First plan: If you are a conservative person, your family is relatively well-off, and you are genuinely busy with little interest in investing, a simple method is what Buffett recommends—buy index funds or ETFs, preferably U.S. ones. I don’t particularly advocate buying Chinese funds, and buying UK funds is also okay. The reasons are complex, related to legal systems, culture, and responsibility. In short, if you can buy U.S. stocks and funds, do not buy European or Asian funds. The best stock markets are in the U.S., because of their innovation and strong sense of responsibility, plus legal protections.
Second plan: If you have time and are interested in crypto and stock investments, you should save money, accumulate capital, and spend time researching three to five sustainable, high-quality companies, like Moutai. Moutai is an excellent company. Study it thoroughly, wait for a market crash in crypto or stocks, and when prices are low, start buying these long-anticipated companies. Hold them long-term, and they will become your money-making machines. When prices become too high, you can sell, but try not to buy at high prices—buy more when prices are low with your savings.
Third plan: Investing in real estate. Currently, Chinese real estate prices are actually too high. I recommend borrowing money to invest in real estate—but not now. I strongly oppose borrowing money to buy stocks or crypto, and I also oppose borrowing to start a business. Both are extremely risky, especially when you lack experience, with a high failure rate. My advice is: when the real estate market is not good, you can borrow to buy property.
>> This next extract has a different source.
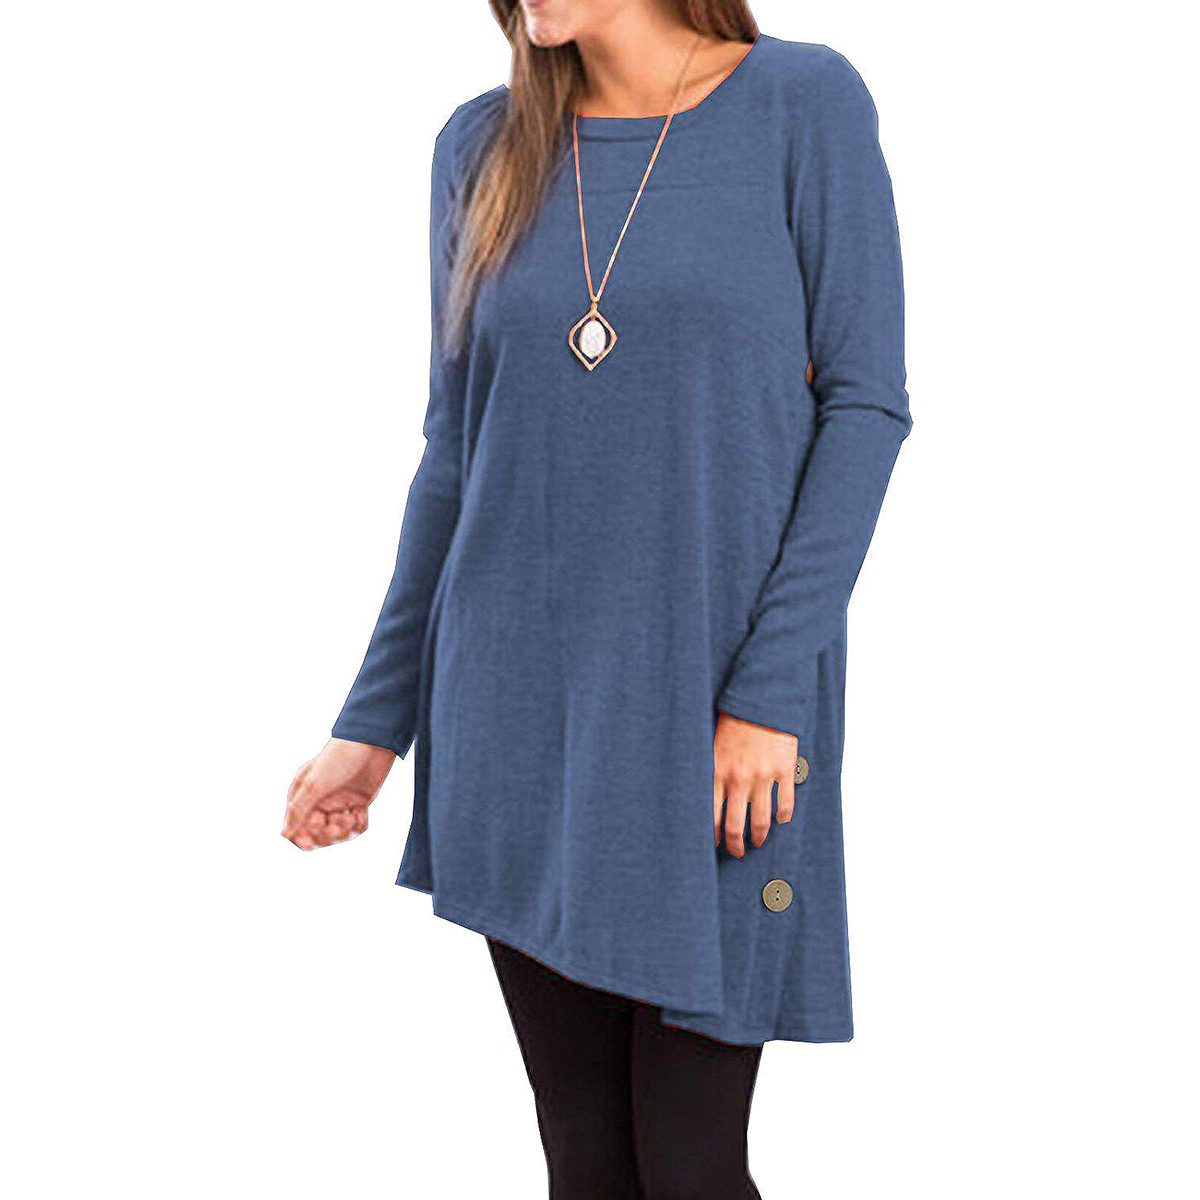 This Tunic Has Nearly 2,000 Reviews and the Most Adorable Buttons ...

Many people’s wealth growth depends on themselves and leverage. When the real estate market is down, you can borrow to buy, provided the property can generate cash flow—such as renting it out to cover mortgage interest and other expenses. Real estate has a large capacity for wealth. Using leverage, if you invest 10% or 20% of the property’s value, and the property appreciates by 20%, your assets double. This is a long-term investment, and the snowball can roll very fast.
Over thirty years, relying on that one property, you could retire. Many people earn far more from real estate than from crypto or stocks—that’s how wealth is created. But it also involves risks. So, I say borrowing to buy real estate should only be done when the market is bad and cash flow can support it. That’s my premise and context—I don’t want to be misunderstood.
Today, I shared my understanding of wealth and young people’s path to financial freedom. I offered three plans for wealth freedom, which may not be perfect. Everyone can consider their own circumstances—time, wealth, interests—and use these as references.